Виктор Смирницкий вошел в лифт и поднялся на пятый этаж. В коридоре он снял пальто, перекинул его через руку и оказался в грубом черном свитере толстой вязки.
Когда он входил в секретариат, его чуть не сшибла Мэри — художница из отдела оформления. Рыдая, она промчалась мимо, распространяя слабый запах французских духов.
— Что это с ней? — спросил Смирницкий, поздоровавшись со всеми за руку.
— Да плашка[6] у нее не пошла во вчерашнем номере, — ответил зам секретаря. — Шеф снял.
— Чуть не убила, — сказал Смирницкий.
— Такая убьет, — подтвердил зам отсека[7]. — Я ей говорю: шеф снял, а она говорит: нет, вы; я ей говорю: абстракция, а она говорит: современно; я ей говорю: газета, а она говорит: паршивая многотиражка. Ну что ты скажешь?
Виктор слез со стола и пошел к шкафу. Он был спецкором при главном редакторе, но держался со всеми ровно, дружелюбно и по-товарищески. А спецкор при главном редакторе — не просто корреспондент, а «перо», пользующееся особым доверием.
— Не бери в голову, старик, — сказал он, возвращаясь. — Женские слезы — не слезы. Другое дело, когда мужчина плачет. Подумаешь, плашка…
— Тоже верно, — вздохнул зам секретаря. — У меня однажды подвал сняли, так я хоть бы слово сказал.
Виктор открыл кейс, достал оттуда несколько листков и положил на стол.
— Сдаю.
— Как всегда, нормально?
— Думаю, да.
— Ну и тащил бы сразу в машбюро, чего это нам мудрить?..

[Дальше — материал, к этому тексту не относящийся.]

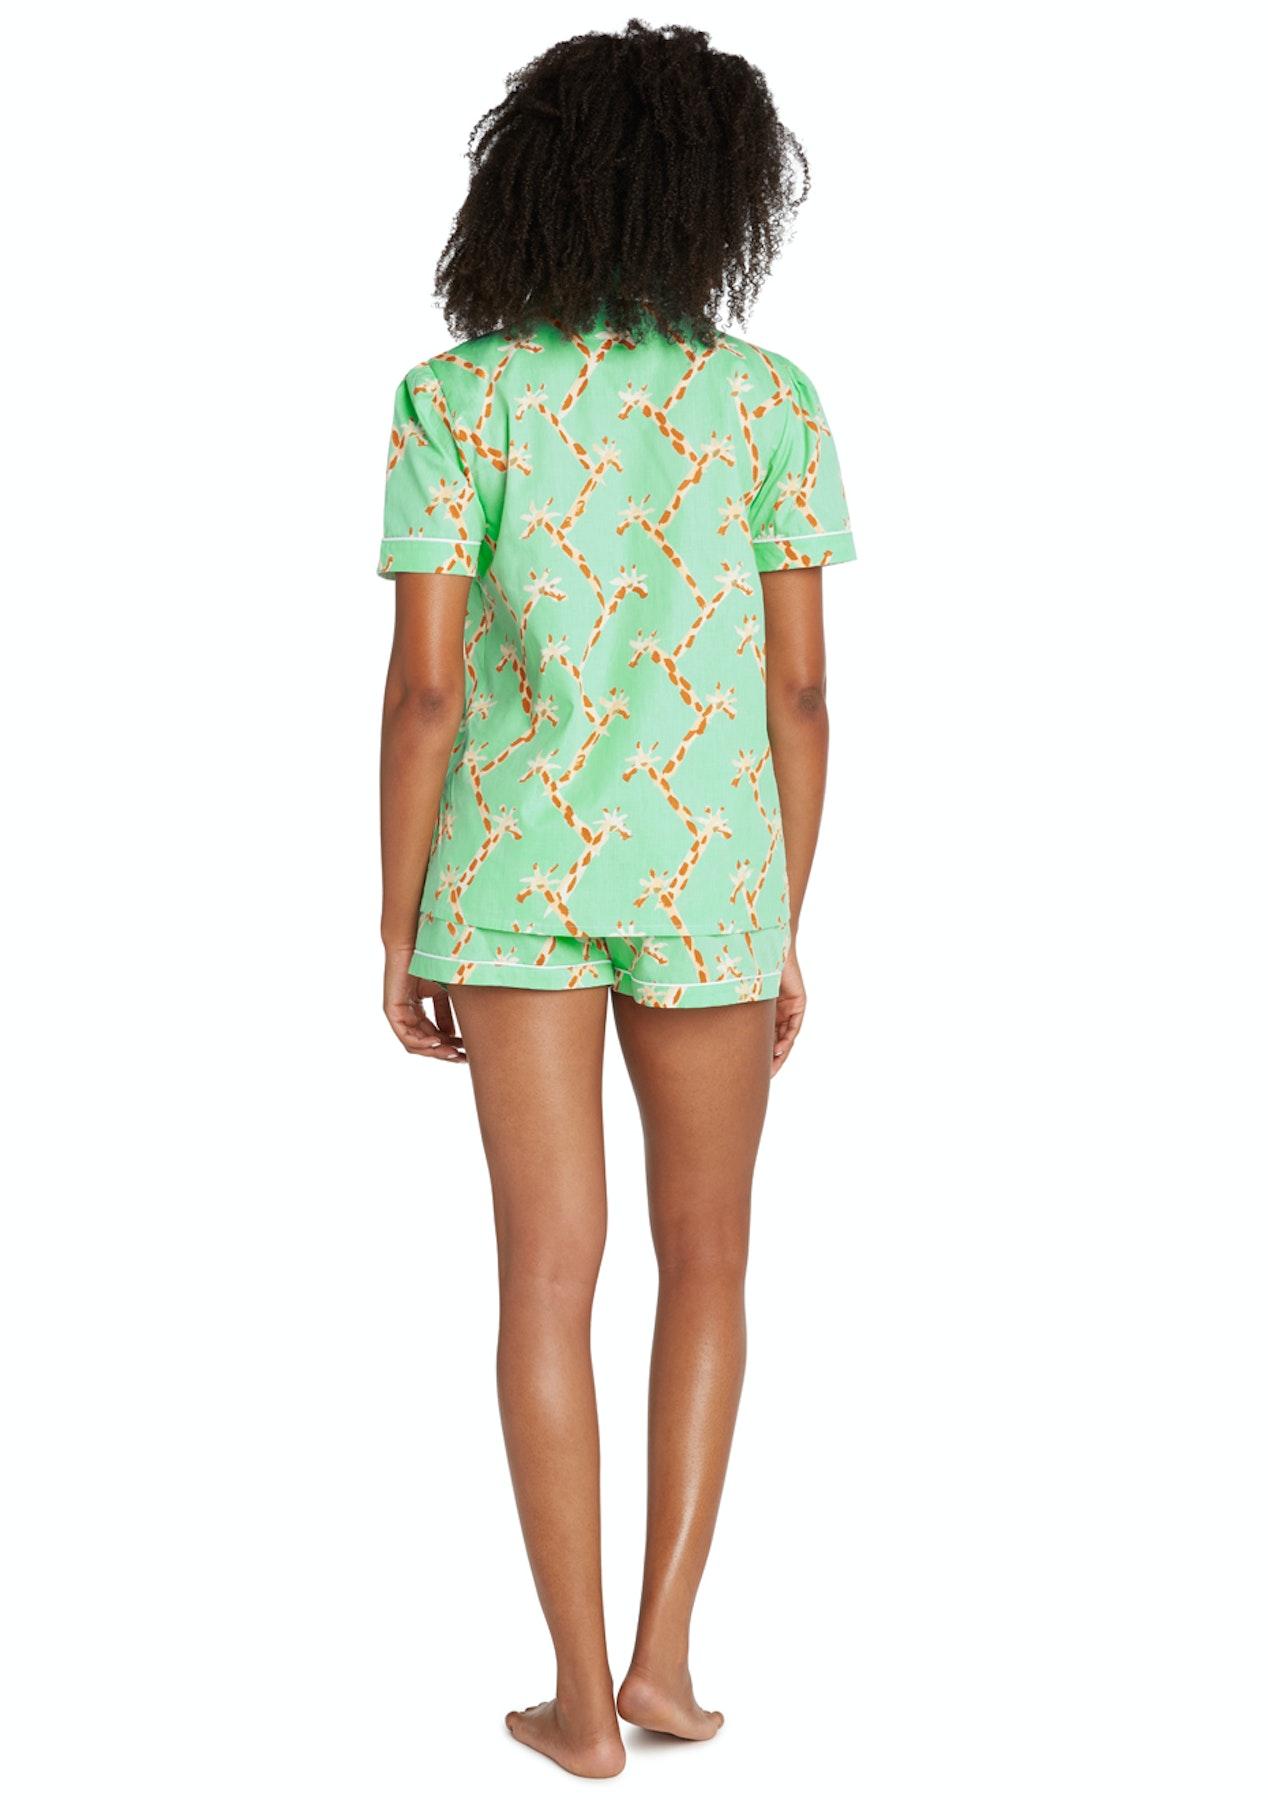 458d8c079f9c Sant   Abel - Women - Long Sleeve Shirt   PJ Pant Set - Giraffe - Luxe Silk    Sleepwear - Onceit

— Лучше прочти, мало ли что.
Это был не то чтобы реверансов сторону секретариата, но подчеркнутое соблюдение редакционного этикета. Зам ответственного секретаря подобную деликатность оценил.
— Тогда я прямо сейчас прочту. Кстати, в буфете хорошие сигареты появились. Хочешь, сходи.
— Дело.
Смирницкий вышел из секретариата, но отправился не в буфет, а в отдел писем, который находился этажом ниже.
Виктор в отличие от некоторых своих старших собратьев по перу, умеющих придумывать тему, а потом выкачивать из нее все, полагал, что настоящая главная тема — Тема с большой буквы — может прийти, только из жизни. Не надо ее придумывать, потому что, как бы она ни была разработана, как бы мастерски ни написана, все равно из публикации будут выпирать эстетичность и мастерство, а сама жизнь окажется на втором плане.
У него была своя идея: Тема может прийти к нему вместе с посетителем, или, что более вероятно, в обыкновенном почтовом конверте, украшенном обыкновенными почтовыми штемпелями.
Вот почему Виктор Смирницкий направлялся сейчас в отдел писем. Он давно уже попросил учетчицу поступающей корреспонденции Аллочку отбирать для него самое интересное. И на этот раз в его кармане лежала традиционная шоколадка, поскольку Аллочке было всего девятнадцать лет.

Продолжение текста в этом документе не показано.